| name | pdf |
| description | Use this skill whenever the user wants to do anything with PDF files. This includes reading or extracting text/tables from PDFs, combining or merging multiple PDFs into one, splitting PDFs apart, rotating pages, adding watermarks, creating new PDFs, filling PDF forms, encrypting/decrypting PDFs, extracting images, and OCR on scanned PDFs to make them searchable. If the user mentions a .pdf file or asks to produce one, use this skill. |
| license | Proprietary. LICENSE.txt has complete terms |
PDF Processing Guide
Overview
This guide covers essential PDF processing operations using Python libraries and command-line tools. For advanced features, JavaScript libraries, and detailed examples, see REFERENCE.md. If you need to fill out a PDF form, read FORMS.md and follow its instructions.
Default Output Format for Complex Tasks
When a user's task involves multiple tool calls (web search, data analysis, tool invocations, etc.) and produces substantial research results, but the user has NOT specified an output format, you should default to generating a PDF report using the template below. This applies to:
- Research tasks that gather information from multiple sources
- Analysis tasks that produce structured findings
- Any multi-step task where the final deliverable is a comprehensive answer
Do NOT default to PDF for simple Q&A, quick lookups, or tasks where the user clearly expects a chat response. Use your judgment: if the task took 5+ tool calls and produced rich, structured content, a PDF report is the appropriate default.
When defaulting to PDF output, follow the "Generate PDF Reports" workflow below — use generate_report.py with report_data.json, NOT the markdown-to-PDF approach.

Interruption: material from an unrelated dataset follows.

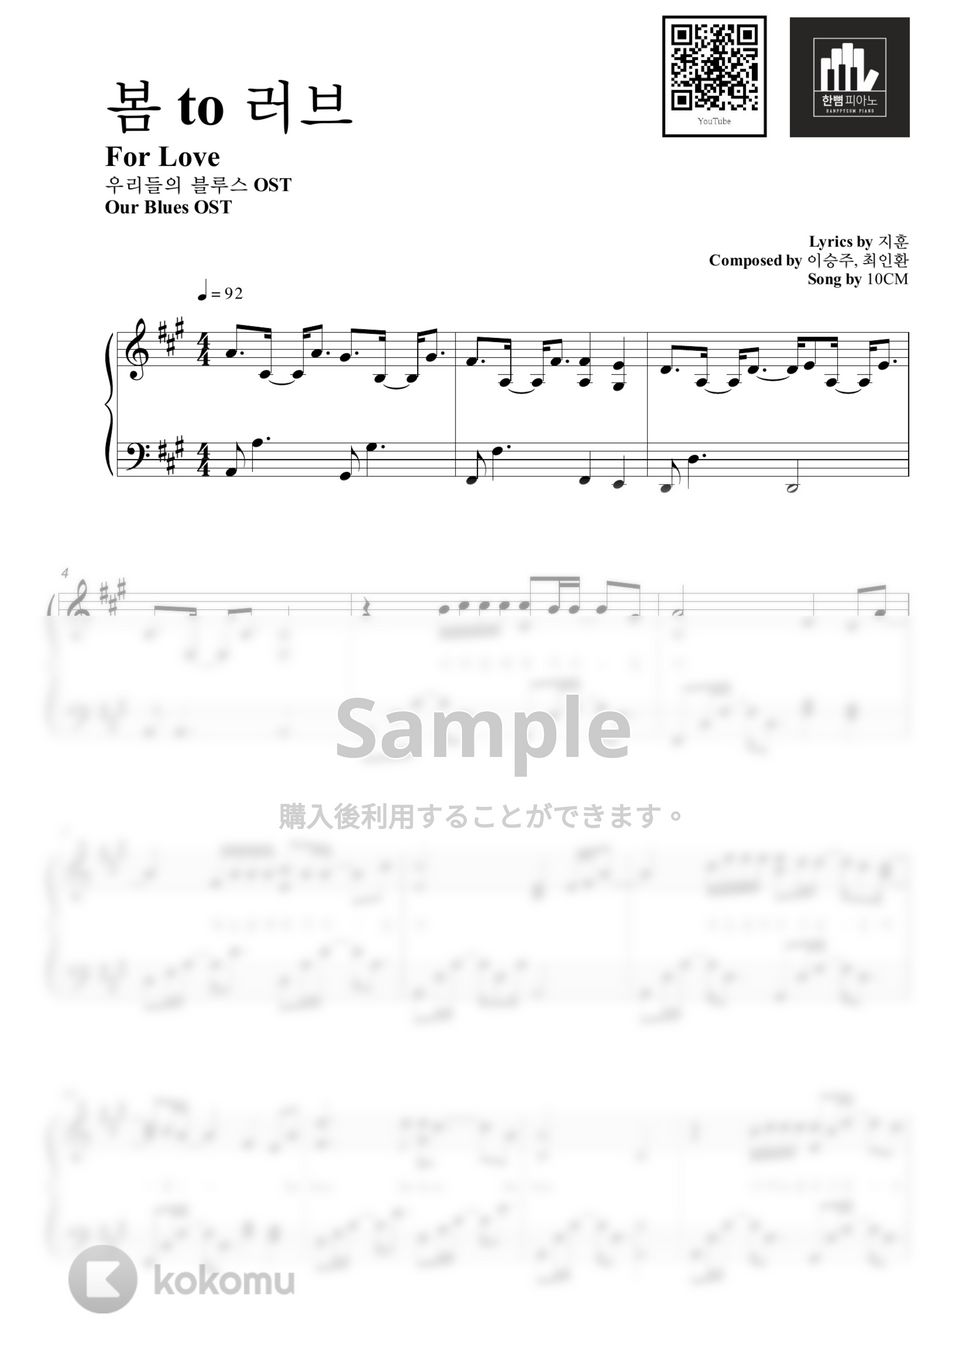 10CM - 봄 to 러브(For Love) (PIANO COVER) by HANPPYEOMPIANO

Quick Start — Choosing the Right Tool for Text Extraction
Not all extractors are equal. Pick the right one based on your PDF type:
| PDF Type | Best Tool | Why |
|---|
| Academic papers (two-column, conference/journal) | pdftotext -layout (poppler) | Handles column detection and character spacing reconstruction |
| Simple single-column documents | pdfplumber or pypdf | Good enough, easier to script |
| Scanned PDFs (image-based) | pytesseract + pdf2image | Needs OCR |
| Tables / structured data | pdfplumber | Best table extraction |
Academic Papers — Use pdftotext First
Most academic PDFs (arXiv, IEEE, ACM, etc.) use two-column layouts and custom font encodings where spaces are implicit (encoded as character spacing, not space characters). Python libraries like pypdf and basic pdfplumber often produce merged words (e.g. "TheConferenceonAI" instead of "The Conference on AI").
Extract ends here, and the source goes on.